Haïti

Entre déchirement et espoir

Première publication 12 janvier 2012 à 20h37
Entre déchirement et espoir
Crédit photo : Reuters
Par Dorothy Alexandre | TVA Nouvelles

Consultez notre dossier complet soulignant les deux ans du séisme en Haïti

S'il y a quelqu'un qui connaît la puissance des médias sociaux, c'est bien Carel Pedre. Le 12 janvier 2010, ce journaliste et animateur de radio était devenu les yeux d'Haïti, l'une des seules personnes joignables dans ce pays alors frappé par le séisme le plus dévastateur de son histoire.

Plongé dans le chaos, Carel Pedre a témoigné sans relâche dans les médias du monde entier de l'ampleur de la tragédie avec comme seul outils Twitter et Skype. Deux ans plus tard, TVA Nouvelles s'est entretenu avec ce père de 31 ans, qui déplore la lenteur de la reconstruction de sa terre natale, mais qui garde espoir de voir ses enfants hériter d'un pays plus prospère.

Le journaliste haïtien Carel Pedre. (Crédit: gracieuseté)

Haïti se souvient

«C'est beaucoup plus triste à chaque 12 janvier, parce qu'on sent jusqu'à présent qu'il y a encore les séquelles du tremblement de terre. Il y a encore beaucoup de maisons qui sont effondrées dans les rues que nous empruntons pour aller travailler, il y a aussi des gens sous les tentes qu'on ne peut pas oublier», laisse tomber Carel Pedre, d'entrée de jeu, pour décrire l'ambiance qui règne en Haïti en ce deuxième triste anniversaire.

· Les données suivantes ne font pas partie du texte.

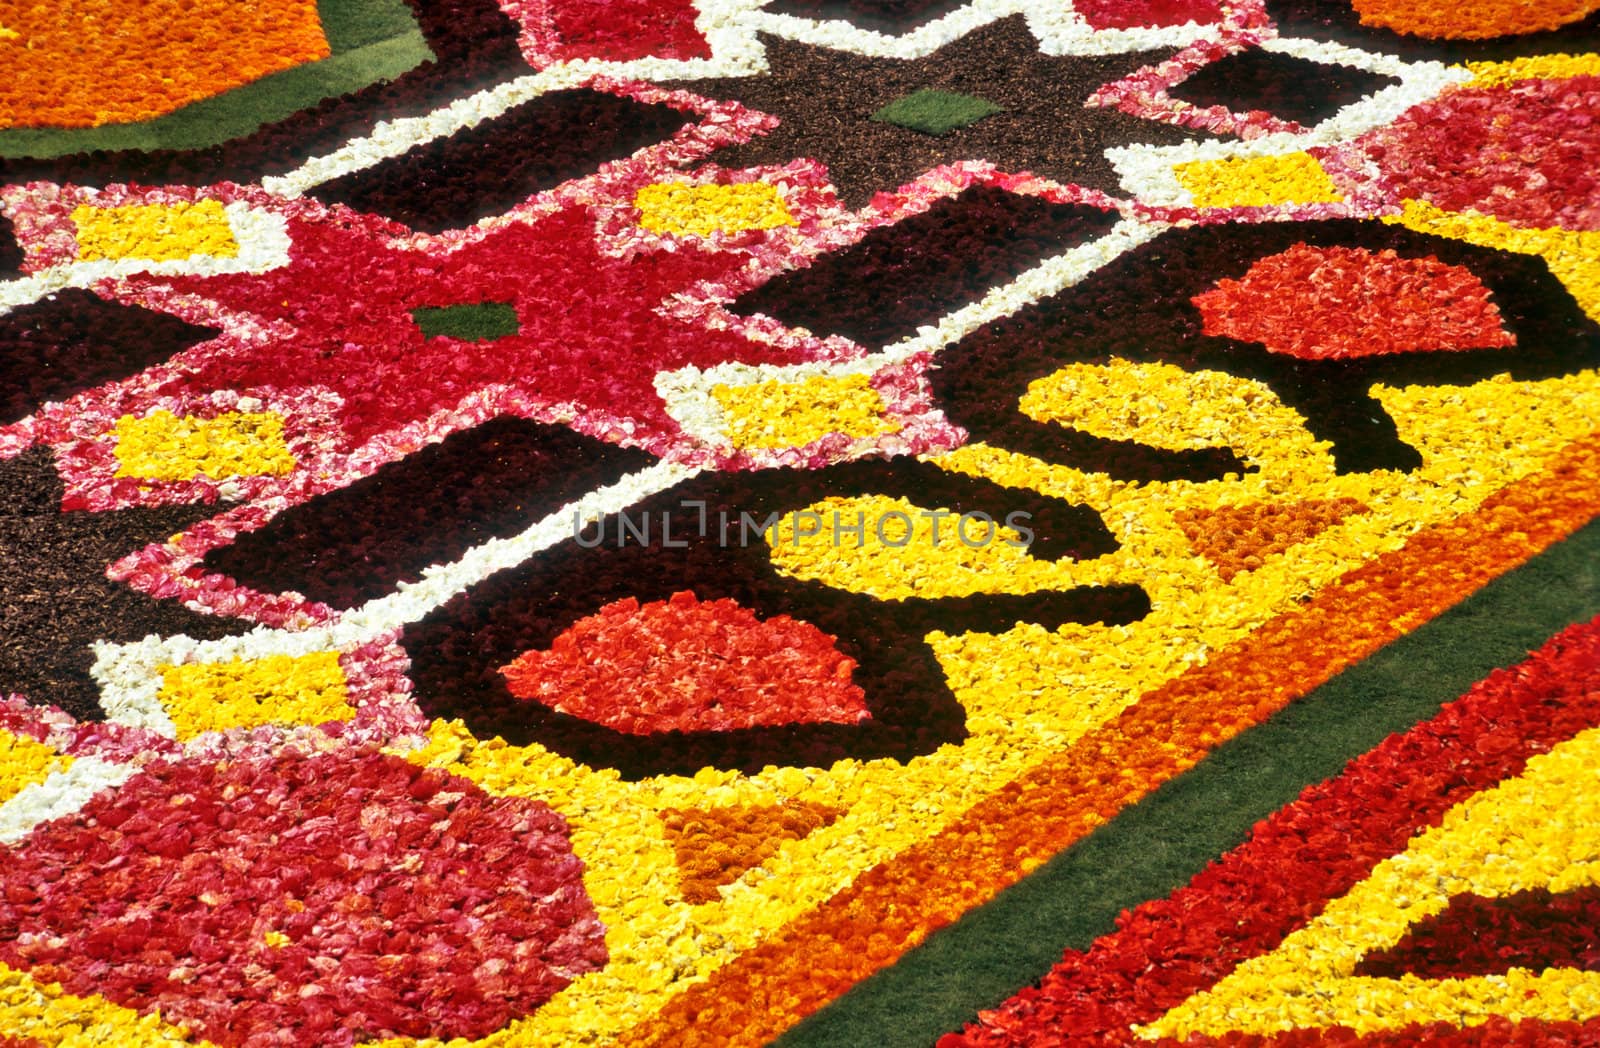 Flower carpet detail by ACMPhoto
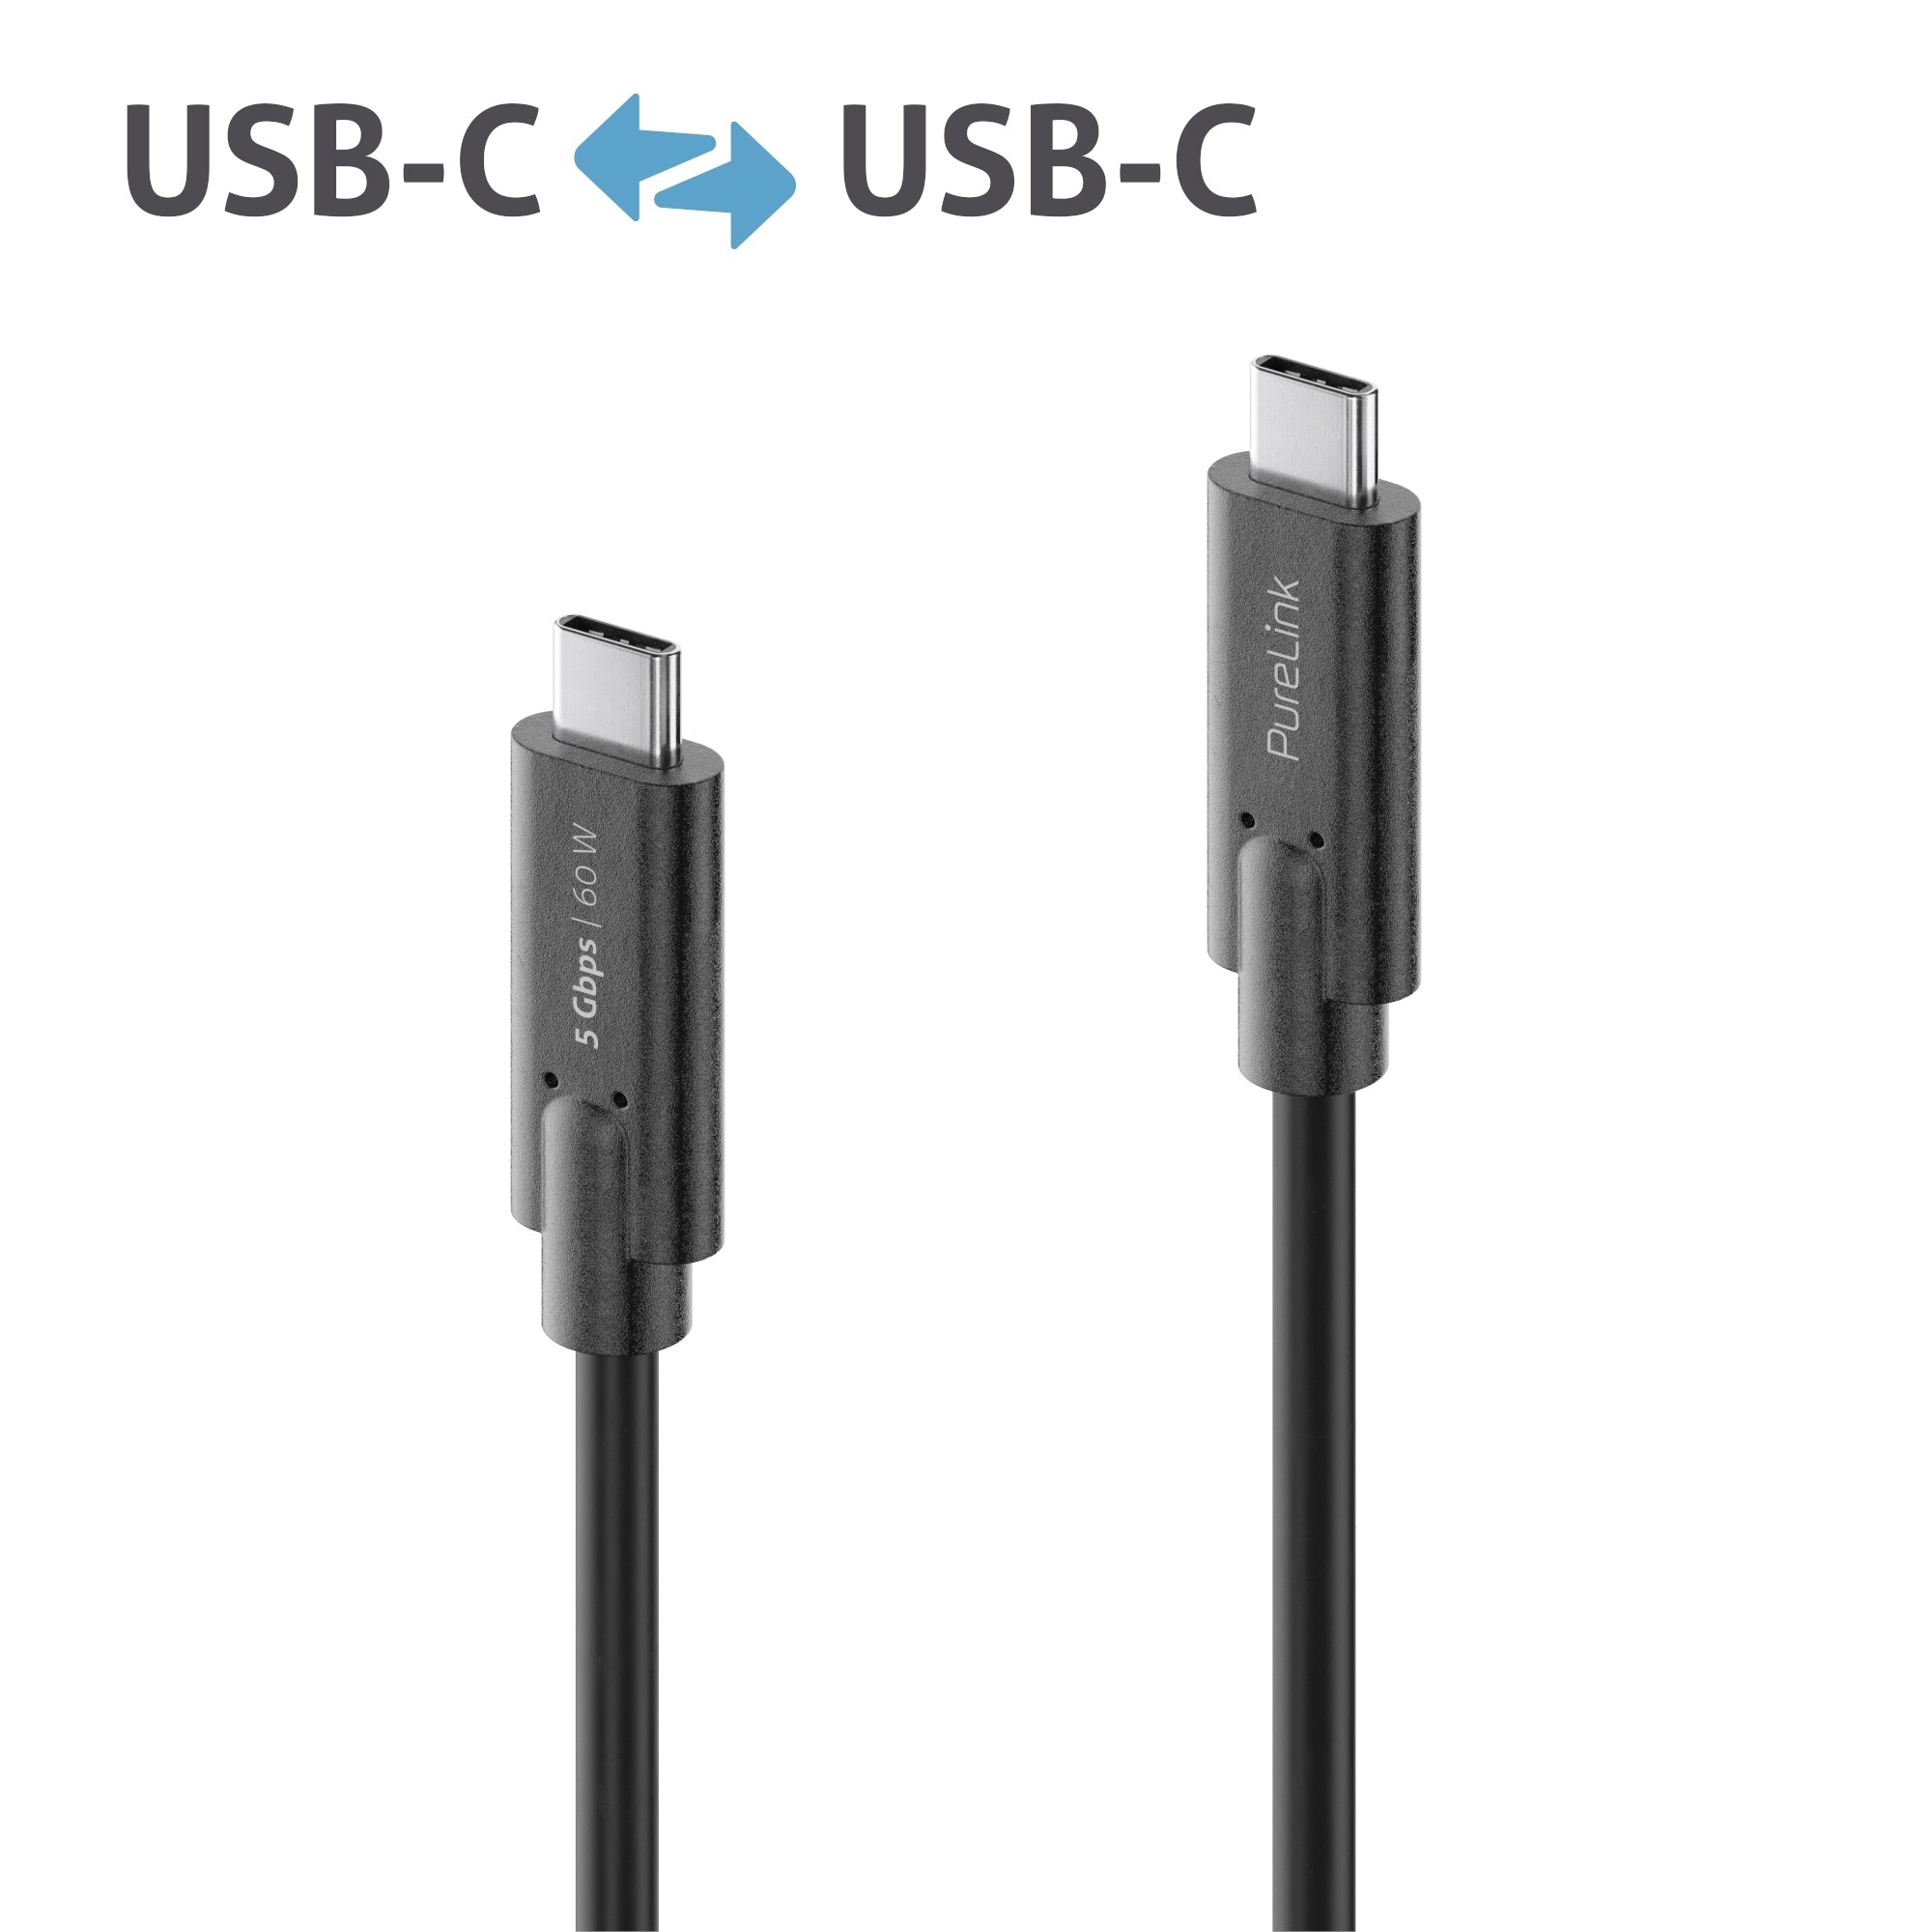 Purelink-IS2501-005-USB-C-auf-USB-C-Kabel-0-5m-schwarz

La réalité sociopolitique a été bouleversée : malgré un taux de pauvreté élevé, la vie est devenue plus chère, et les organisations non gouvernementales (ONG) fourmillent en sol haïtien.

Prolifération des ONG

«Il y a beaucoup, mais vraiment beaucoup plus d'ONG sur le terrain haïtien (qu'avant le séisme), dénonce Carel Pedre. Beaucoup sont restés sur le terrain sous prétexte qu'ils voulaient aider à la reprise des activités en Haïti et remettre le pays sur pied. Mais deux ans plus tard, ils sont encore là, et ils ne donnent pas de résultats par rapport à la quantité d'argent qui est passé dans la reconstruction du pays ou dans l'aide humanitaire», ajoute-t-il.

Et le blâme, il le jette autant sur les ONG internationales étrangères qu'haïtiennes.

Le président de la République d'Haïti, Michel Martelly, en compagnie de la première dame de la République, Sophia Martelly. (Crédit photo: Reuters)

Selon lui, la présence des ONG en Haïti ne constitue pas le véritable problème. Il s'articule plutôt autour de la gestion de l'aide internationale, puisée à même des poches des contribuables étrangers.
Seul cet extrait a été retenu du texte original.